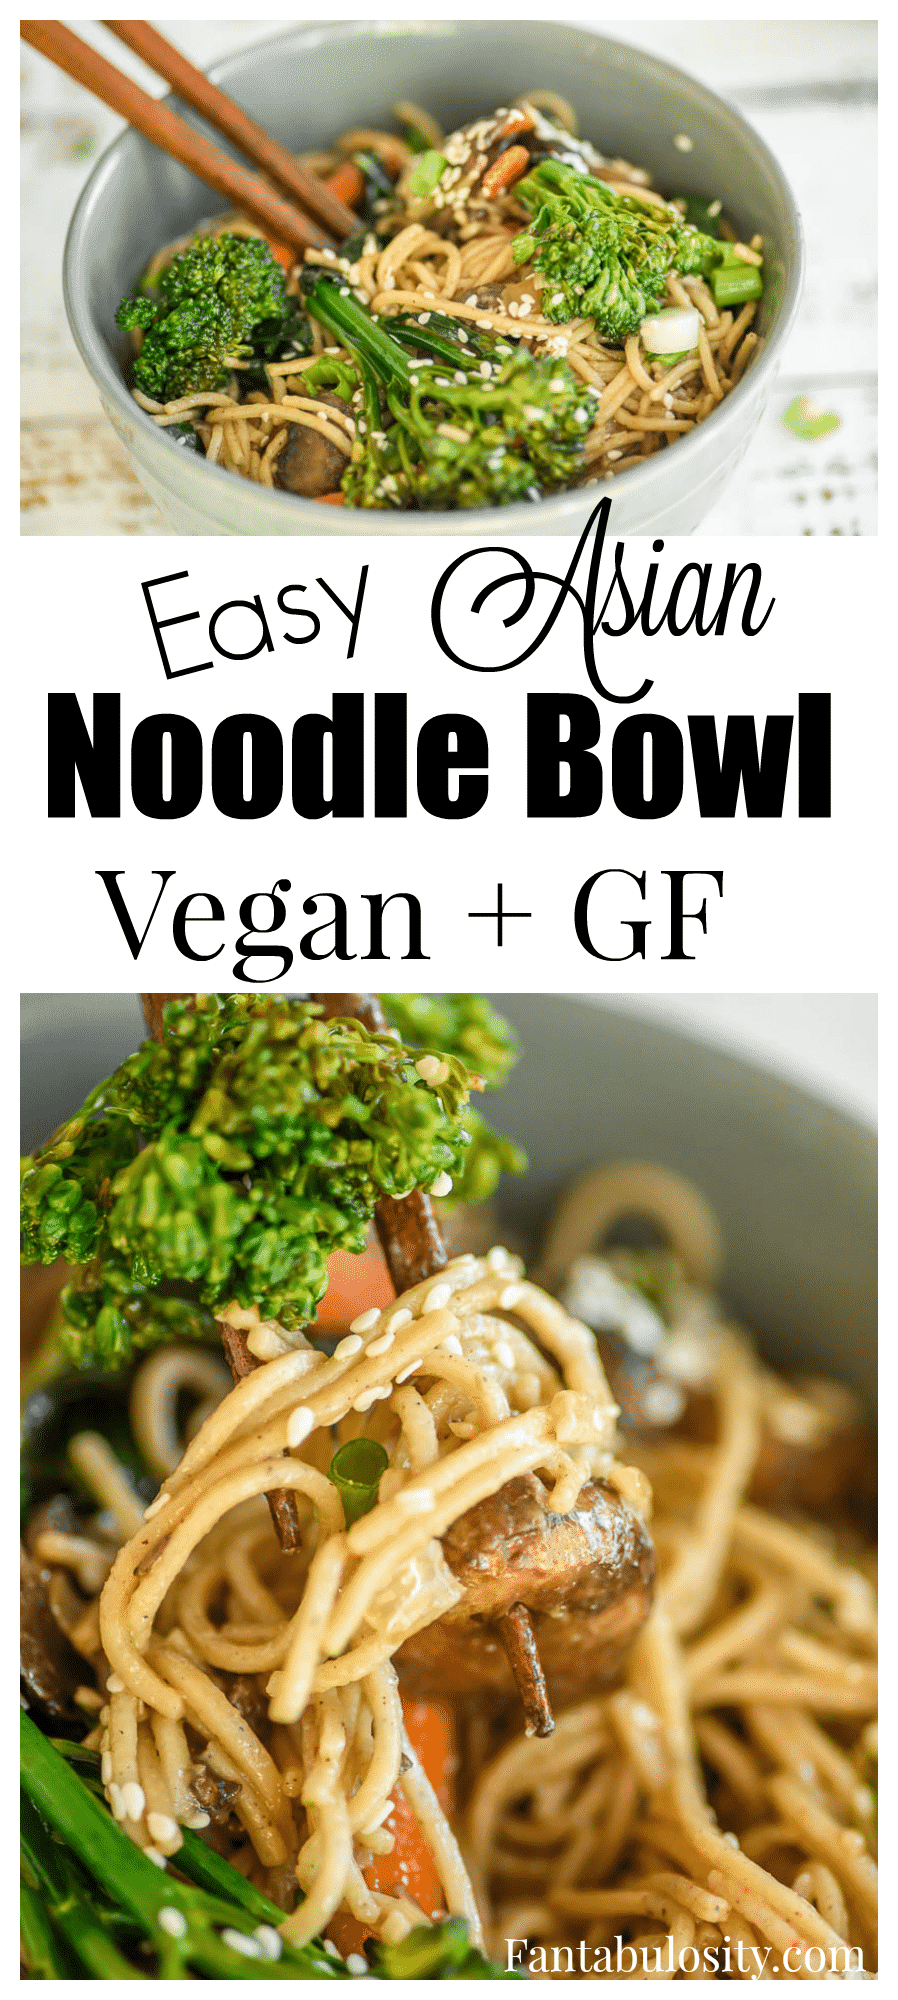 Easy asian noodle recipe - vegan and gluten free
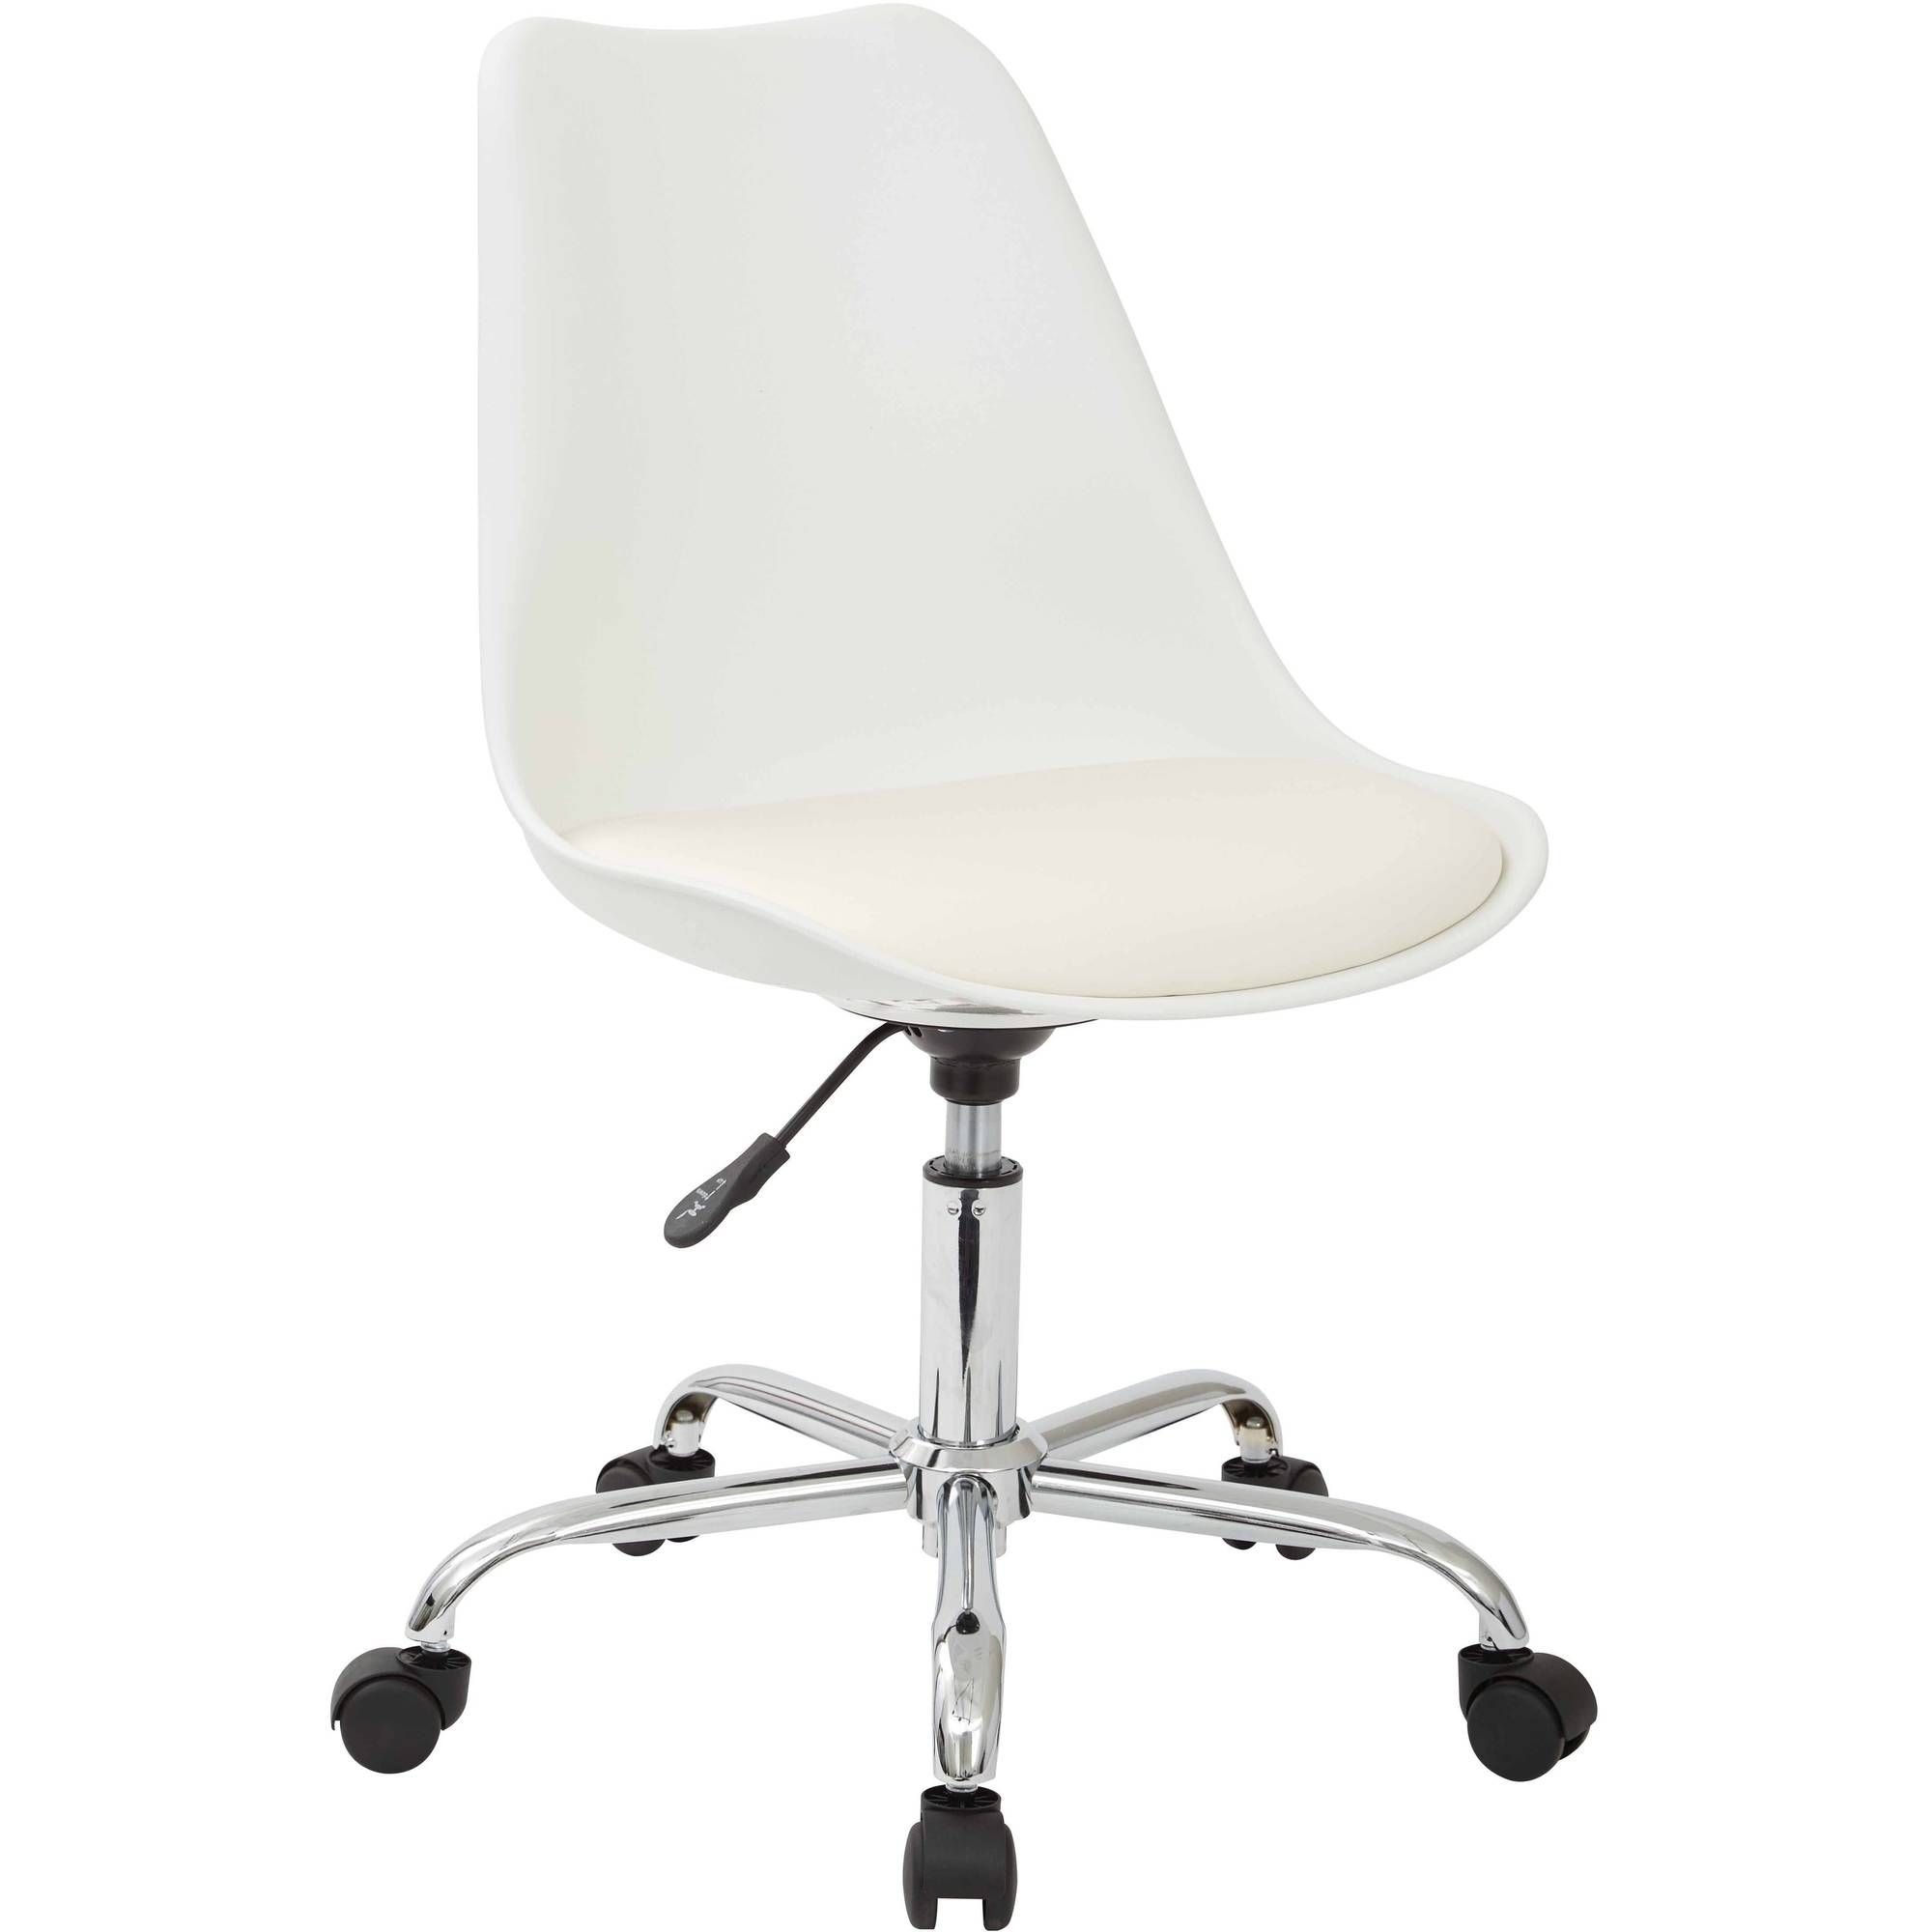 Emerson Student Office Chair White – Walmart – Walmart Throughout Office Sofas And Chairs (View 4 of 15)
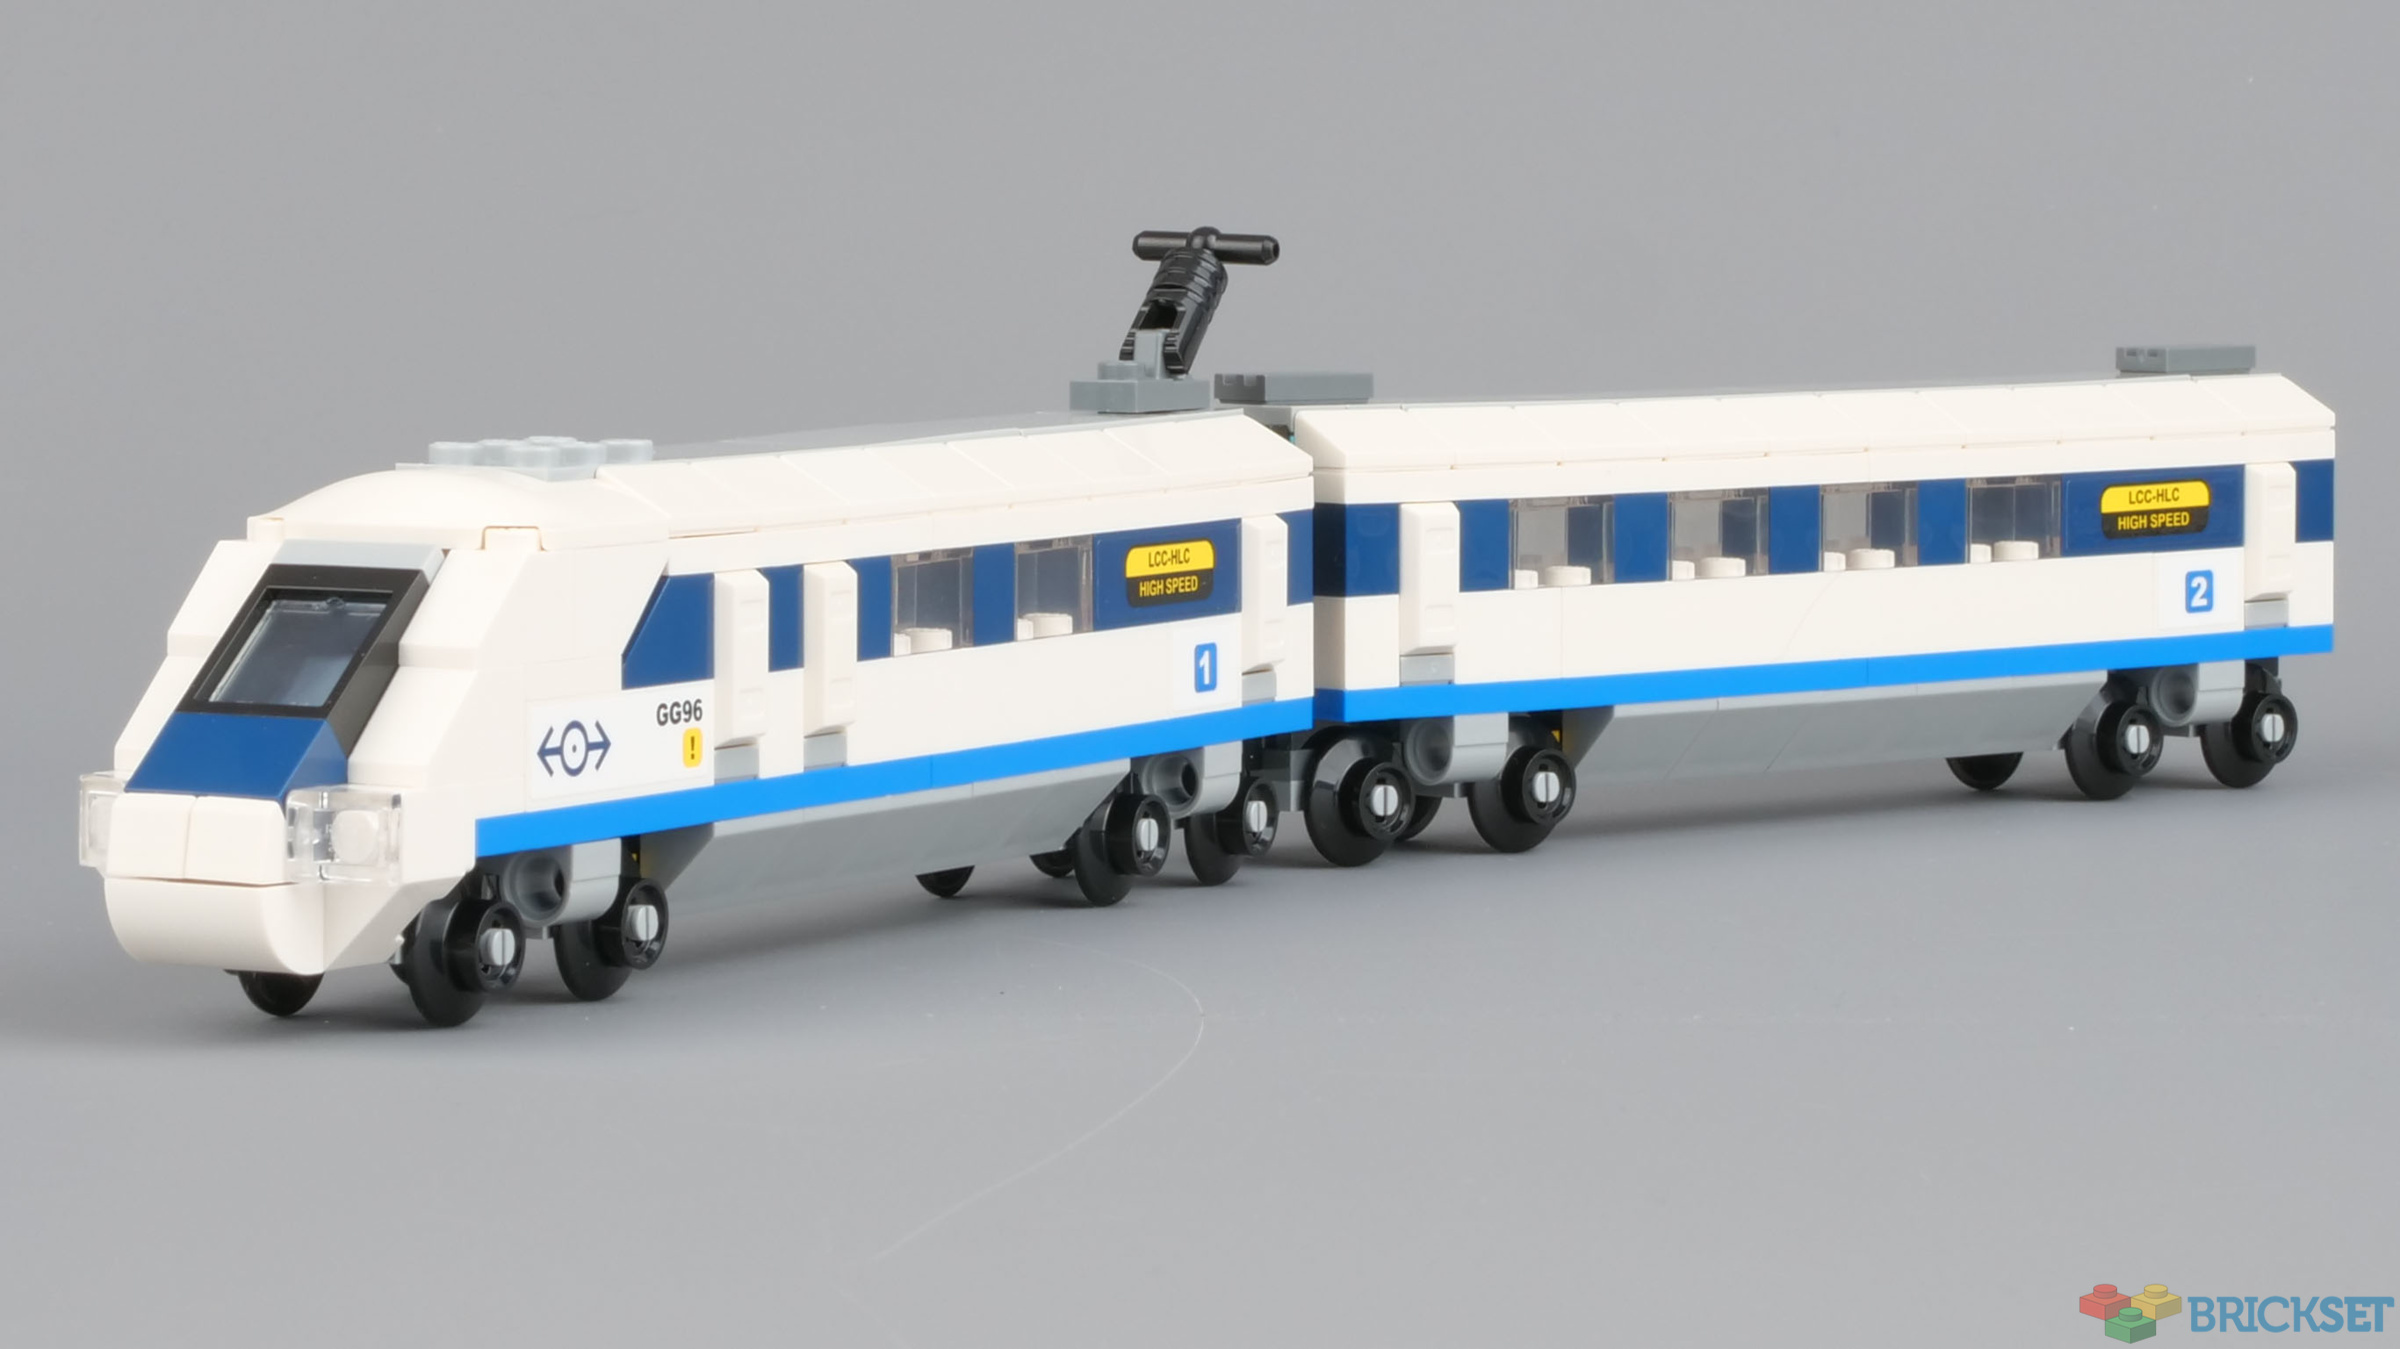 40518 High Speed Train review |
+++
## Task item
The material must be returned exactly, with its pictures omitted.

## Solution to this exercise
 Easy asian noodle recipe - vegan and gluten free
 Emerson Student Office Chair White – Walmart – Walmart Throughout Office Sofas And Chairs (View 4 of 15)
 40518 High Speed Train review |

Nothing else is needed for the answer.